- Promotional poster for the limited series depicting the Master Chief against a backdrop of alien Covenant vessels. The art was also used as the first issue's cover and the hardcover collected edition (art by Alex Maleev)

Publication information
- Publisher: Marvel Comics
- Schedule: Irregular
- Format: Limited series
- Genre: Military science fiction;
- Publication date: October 2007 – June 2009
- No. of issues: 4
- Main character: Master Chief

Creative team
- Written by: Brian Michael Bendis
- Artist: Alex Maleev
- Letterer: Chris Eliopoulos
- Colorist: José Villarrubia
- Editor: Ruwan Jayatilleke

Collected editions
- Hardcover: ISBN 0-7851-3647-9

= Halo: Uprising =

American comic book limited series

Halo: Uprising is a four-issue American comic book limited series set in the Halo universe. The series was written by Brian Michael Bendis, illustrated by Alex Maleev, and published by Marvel Comics. Uprising tells a story set between the ending of the 2004 video game Halo 2 and the beginning of its sequel, Halo 3, as Earth is under attack by a collective of alien races known as the Covenant. The series was intended to be released and concluded before Halo 3 shipped on September 25, 2007, but the final issue did not appear until April 2009.

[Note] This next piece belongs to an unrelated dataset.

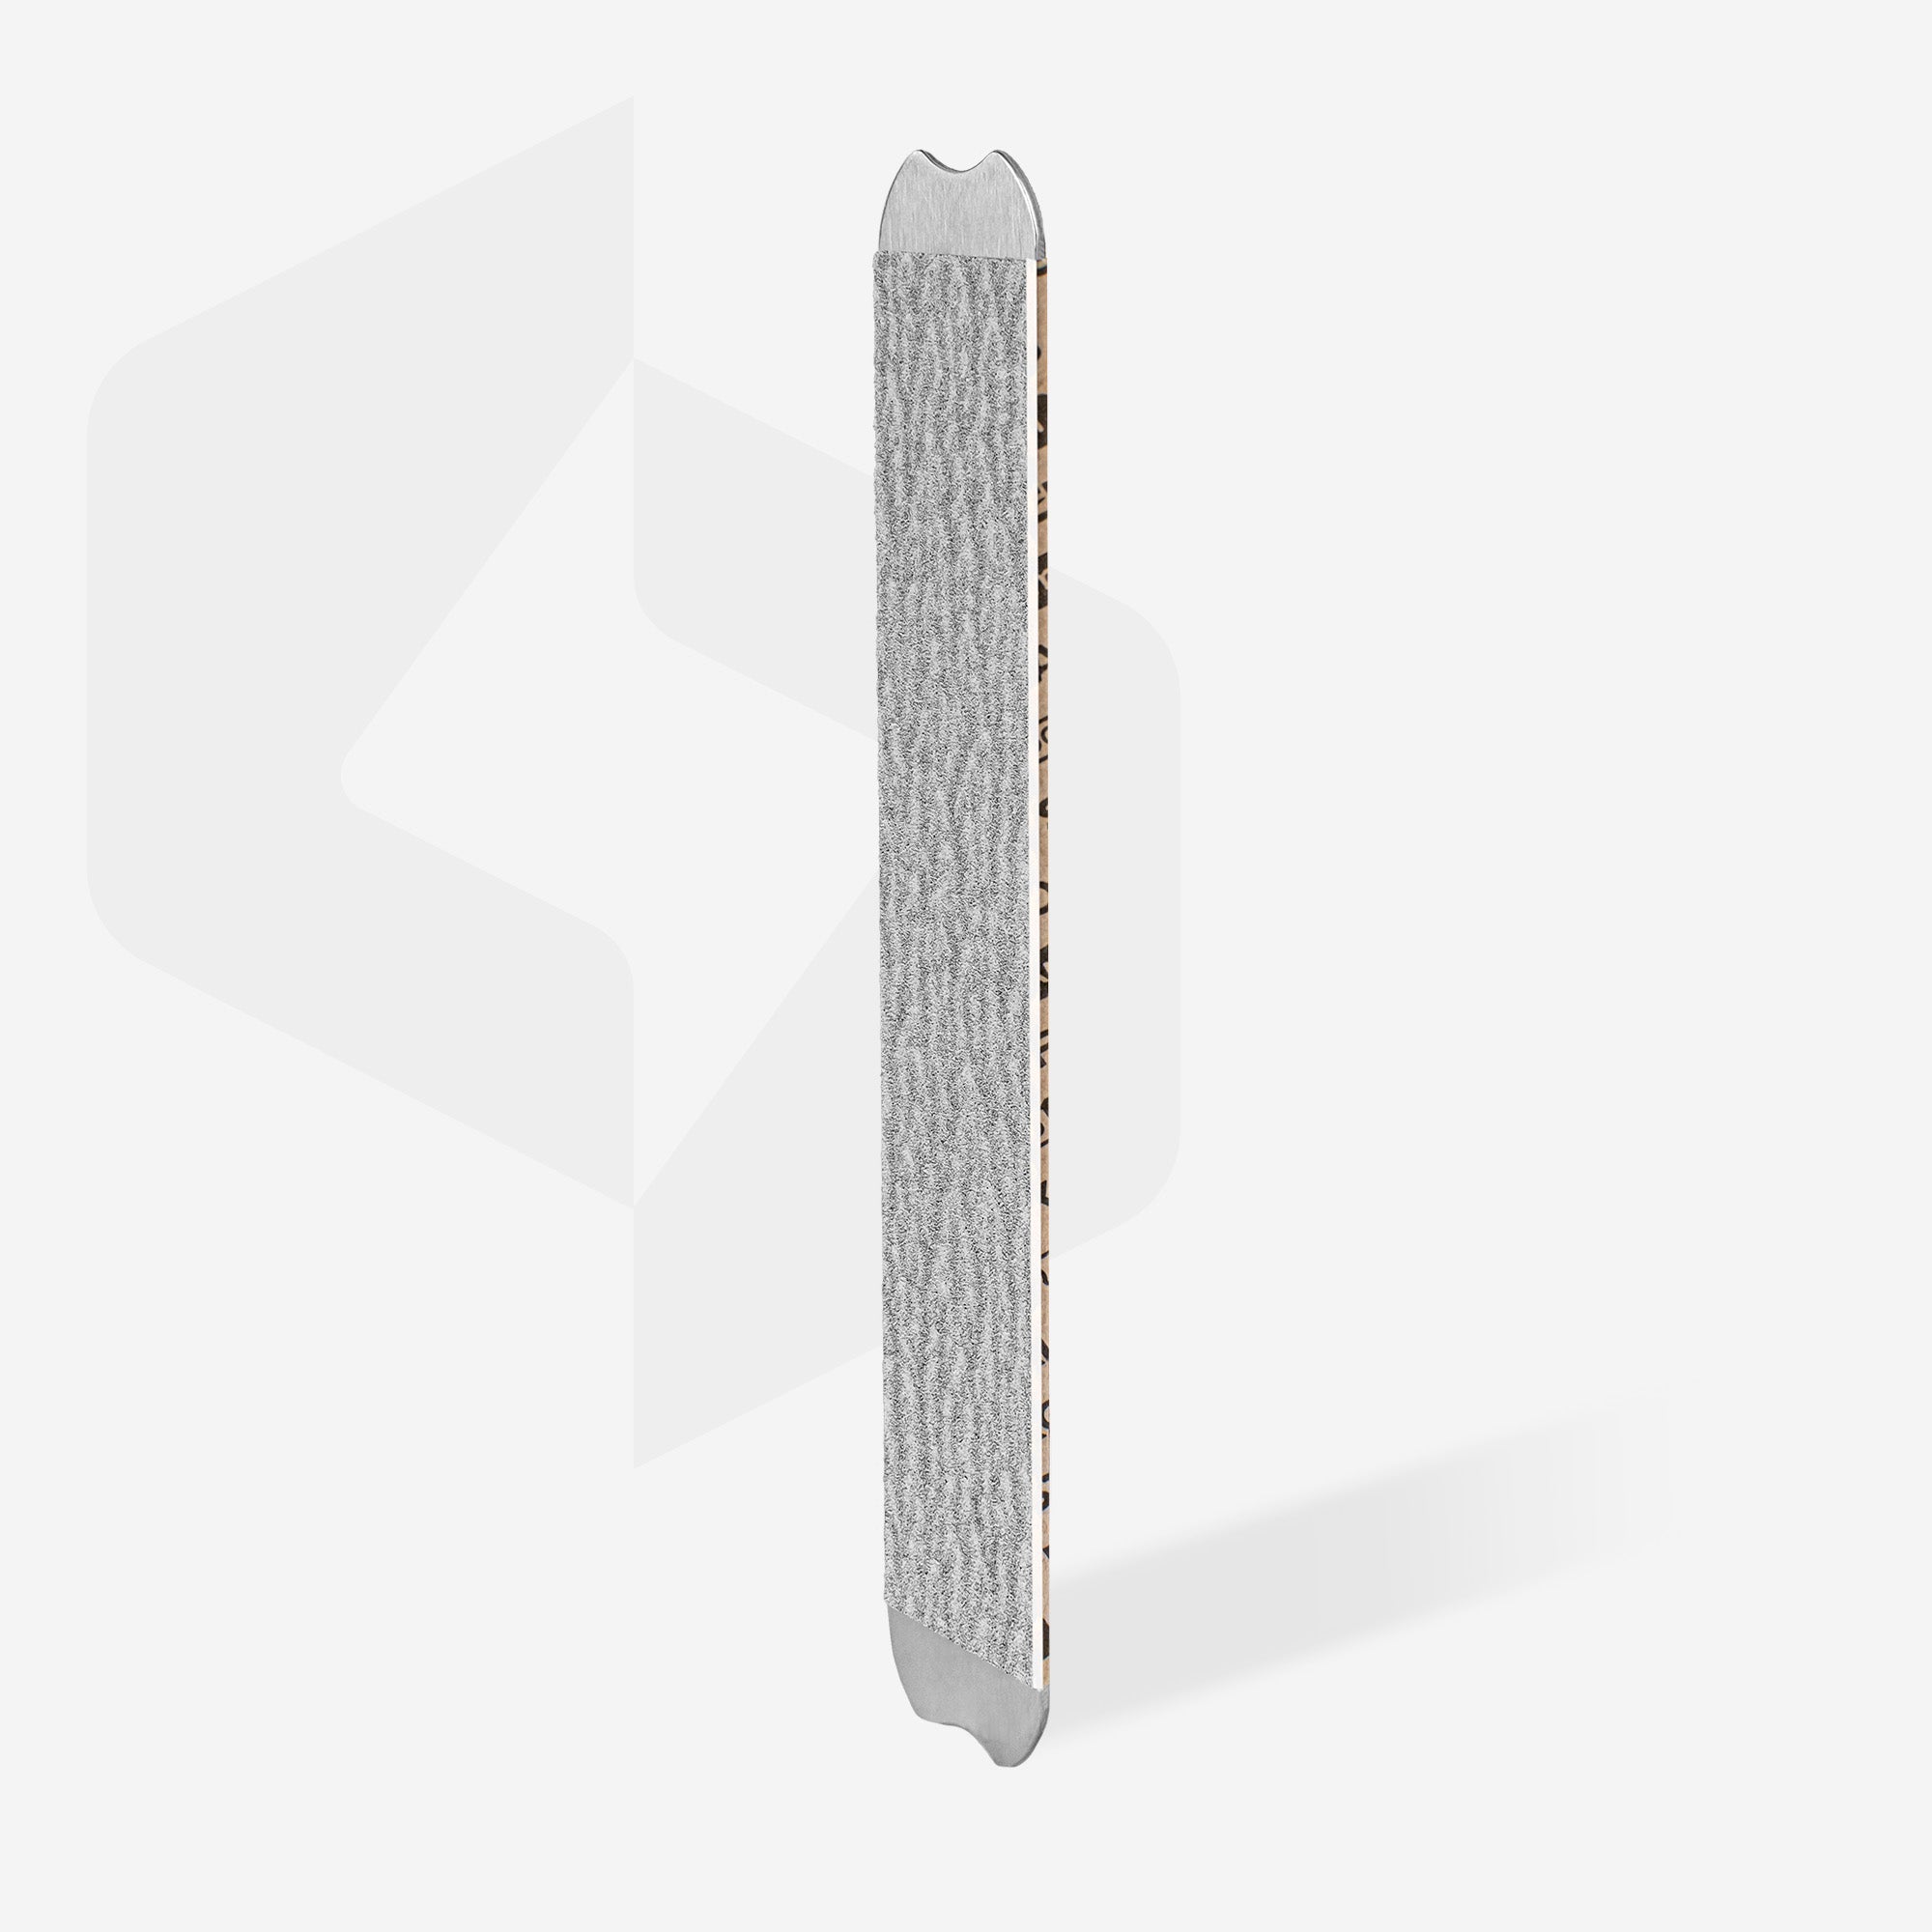 Jednorázové pilníky papmAm (měkký základ) pro rovný pilník SMART 20 (30 ks)
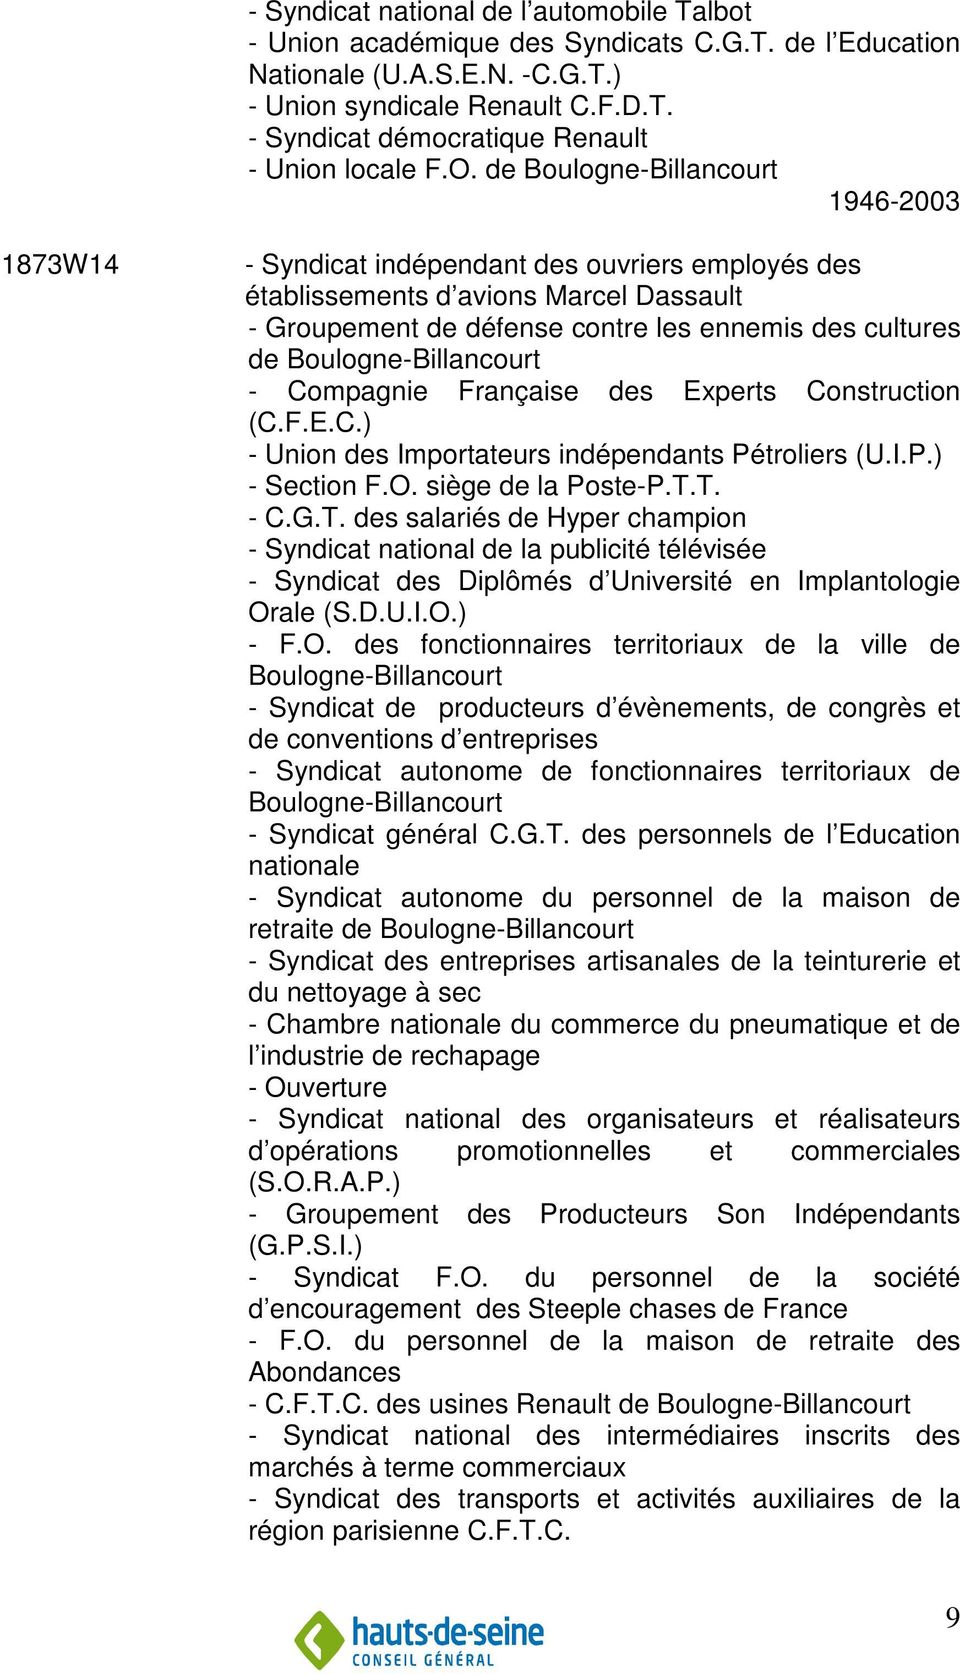 Boulogne-Billancourt - Compagnie Française des Experts Construction (C.F.E.C.) - Union des Importateurs indépendants Pétroliers (U.I.P.) - Section F.O. siège de la Poste-P.T.

The series was brought together by Ruwan Jayatilleke, Marvel's Vice President of Development. He attained the license to publish Halo comics, including the single-volume The Halo Graphic Novel, in 2005. The graphic novel's critical and commercial success prompted Marvel to announce a new Halo limited series in 2006 with Jayatilleke serving as the series' editor. Bendis, a long-time Halo fan, was excited about adding to the franchise story.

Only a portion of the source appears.